While milk-sharing has always been a facet of human history, the first established milk bank was opened in Vienna in 1909, according to research Bar-Yam has done. A year later, the first bank in the United States opened in Boston.
Milk banks took a big hit during the AIDS scare in the 1980s and the Human Milk Banking Association of North America introduced more rigid screening. Yet, in 40 years of modern milk banking, there has never been a documented case of an infant being harmed by donor milk, Bar-Yam said, adding “We know we are dealing with a population that’s very vulnerable.”
Bar-Yam, executive director of the nonprofit, became involved with milk sharing when she was pregnant with her third son in Israel.

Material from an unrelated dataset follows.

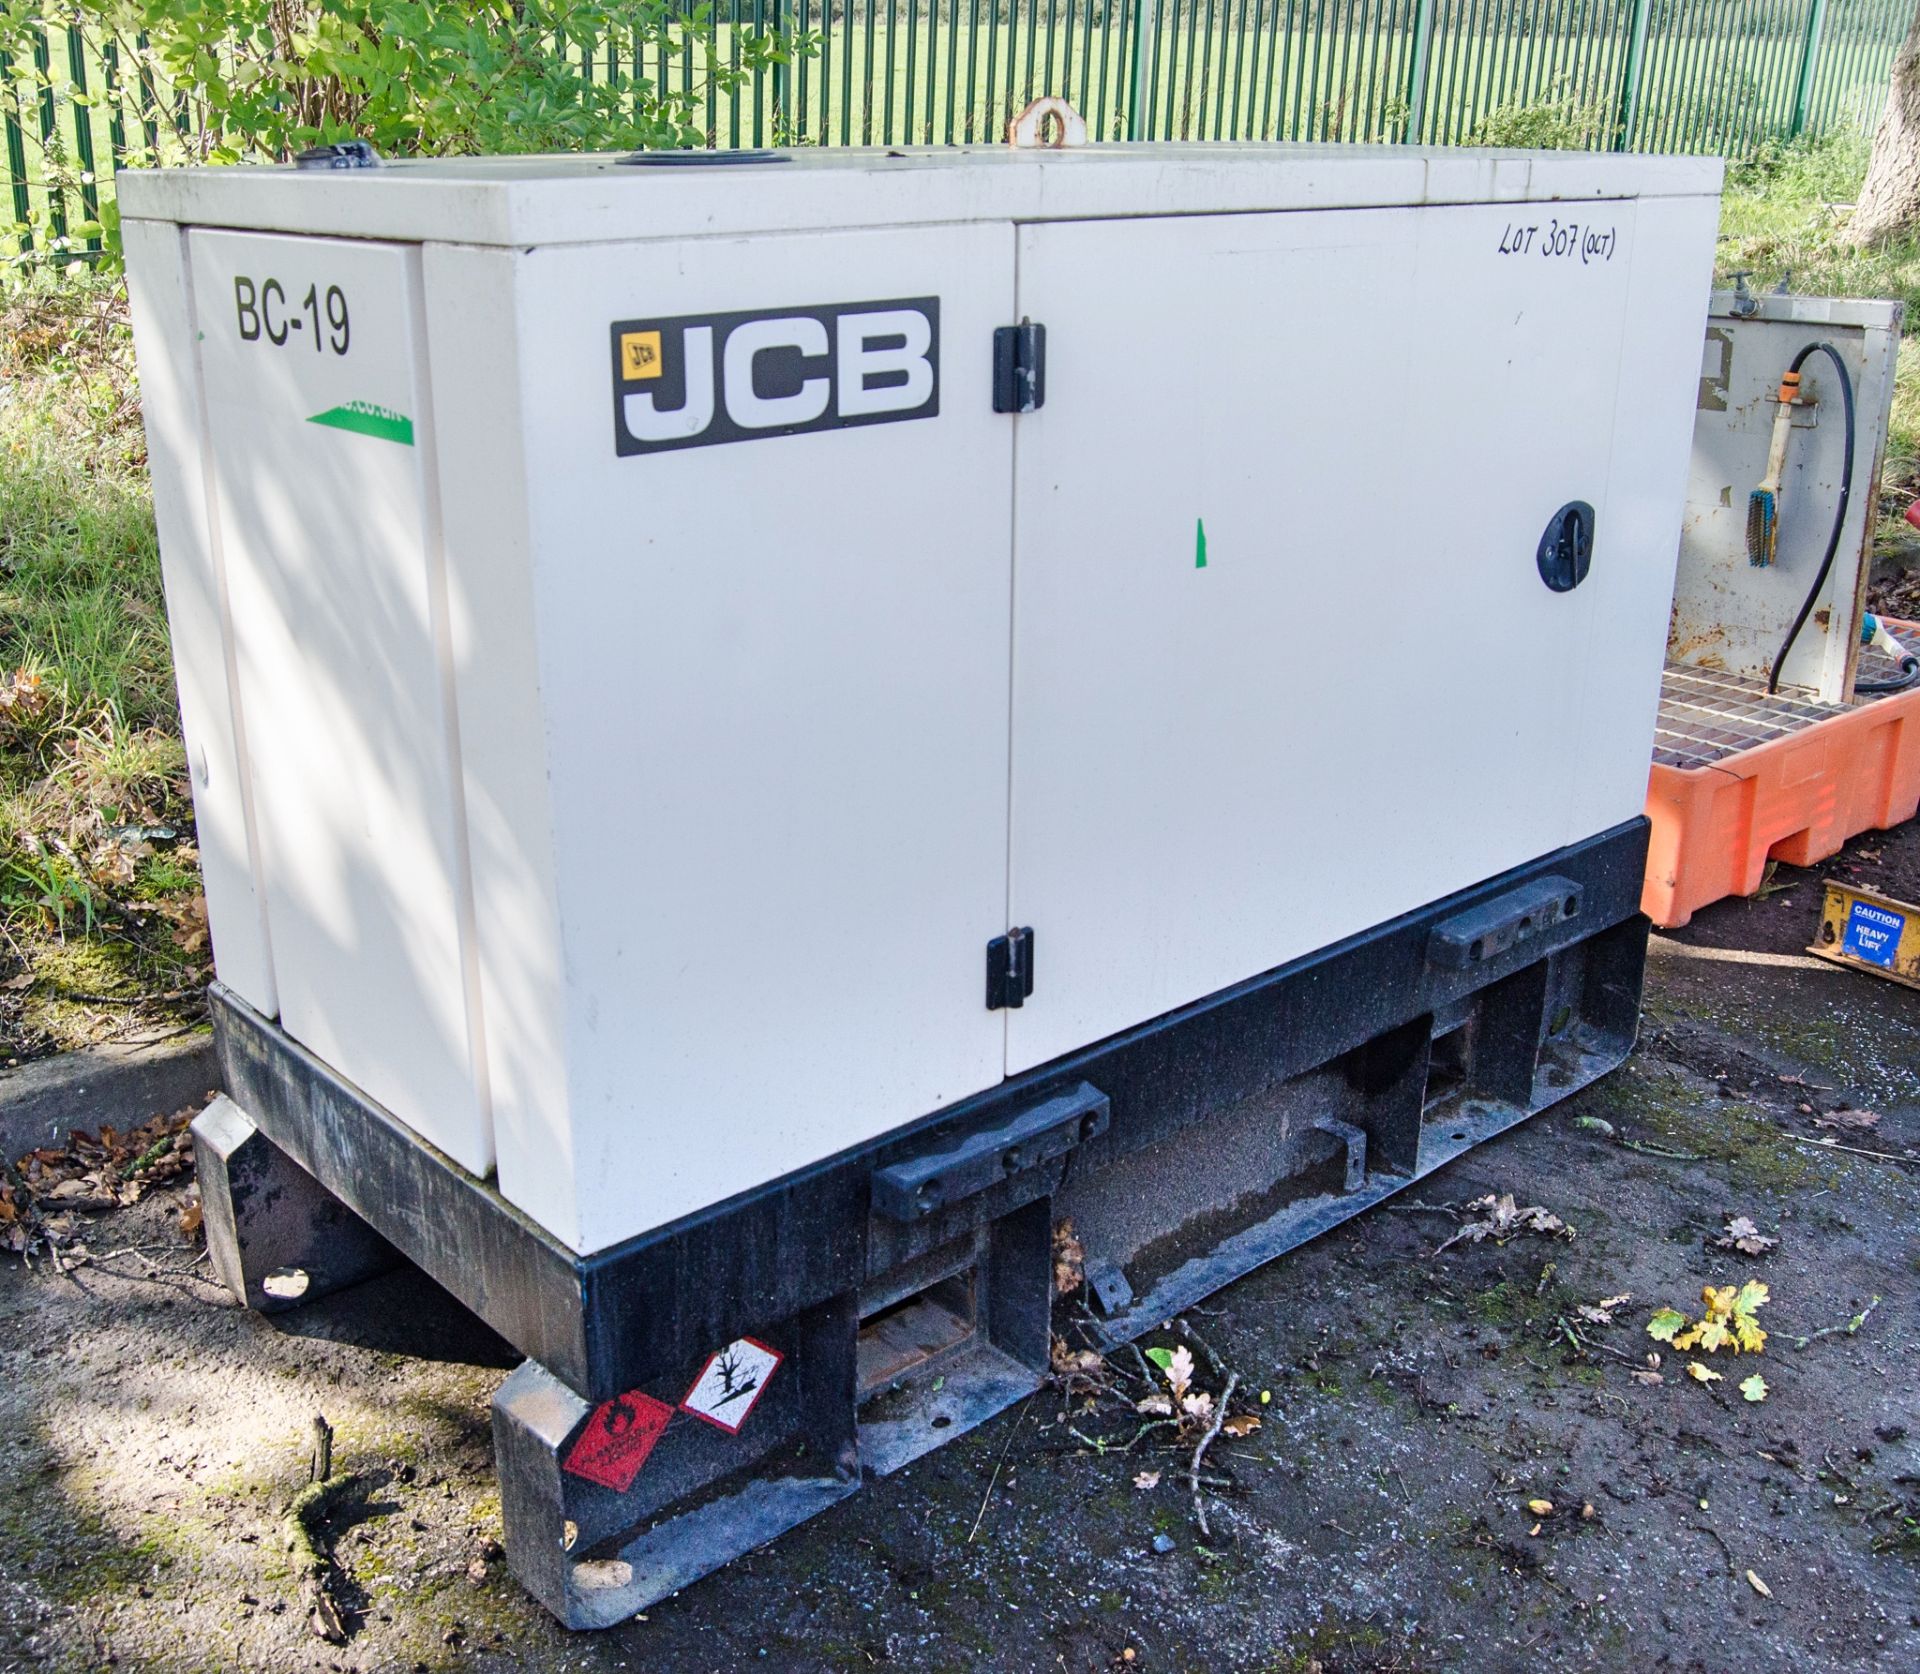 JCB 19 kva diesel driven generator Year: 2017 S/N: 2481889 Recorded Hours: 5290 A775446 - Image 2 of 5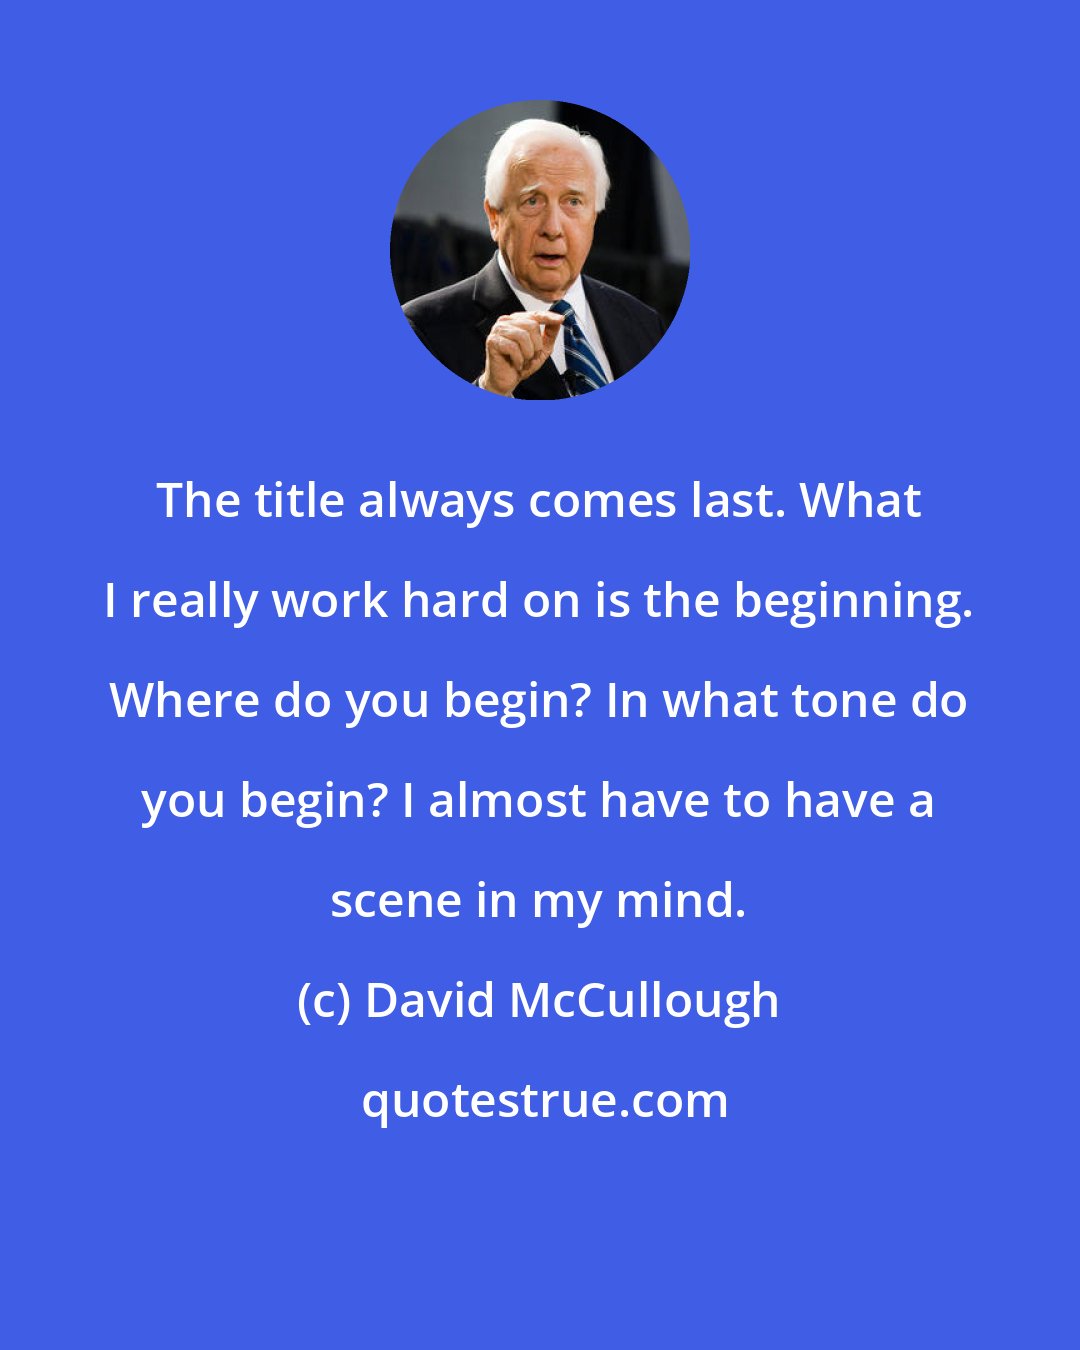 David McCullough: The title always comes last. What I really work hard on is the beginning. Where do you begin? In what tone do you begin? I almost have to have a scene in my mind.

She donated her milk to a baby born premature, whose mother was unable to nurse.
Years later, she used stored milk to ease her father’s illness, believing in the healing powers of the substance.
“I knew that human milk has anecdotally been known to shrink tumors,” she said. “And I wanted to give [my father] more than I had [stored]. That’s when I discovered there was no milk bank in New England.”
In 2006, she gathered friends and neighbors in her Newton Centre living room to lay the foundations of what would become the Mothers Milk Bank of New England.
Marcia Marker Feld was at some of the first meetings of the group. The professor of city planning, who now works as treasurer for the nonprofit, wants to expand access to natural feeding. Feld had children in the time when women were discouraged from natural childbirth and nursing babies.
“I wanted to breastfeed,” she said. “But doctors were united against doing any such thing. They believed it would hurt the child’s immune system.” She got involved with the group to give mothers the option as to how they feed their child.
“There is an educational component to what the milk bank is doing,” she said. “We want to raise the awareness of women to know that they have these choices.”
Generally, mothers of premature babies have a more difficult time producing milk, and rely on milk bank programs to provide their children the nutrients they need to survive, Bar-Yam said.
In 2006, about 350 babies were treated in the NICU at Newton-Wellesley Hospital, among them several very low birth weight (less than 3.5 pounds) and very preterm (before 32 weeks gestation) babies, Bar-Yam said.
“The effort involved in making safe banked milk available to our most vulnerable babies is a testament to the importance of human milk for all babies,” Bar-Yam said.
Asked why milk banks have been absent from New England, Ilene Fabisch, a lactation consultant, responded that there is not enough research to prove the benefit of human milk to developing babies.
Fabisch said that those communities that have established milk banks have recognized the advantage of natural milk.
“The benefits that breast milk provides can’t be matched by animals,” said Fabisch, who serves as clinical director to the milk bank in Newton. “Babies were biologically devised to receive human milk. It benefits the immune system tremendously.”
Recognizing a need in the area, Bar-Yam approached Mayor David Cohen to inquire about a temporary space she could launch the bank. She had researched hospitals, but learned that many were short on space and not as accessible as other locations. Cohen immediately suggested the Carr School, which will have space available through August 2009.
“This is not a permanent space,” Bar-Yam said, looking around her at the empty classroom. “We don’t know the fate of this school.” She added, “But, we are an important community resource, and I am excited to start here in Newton.”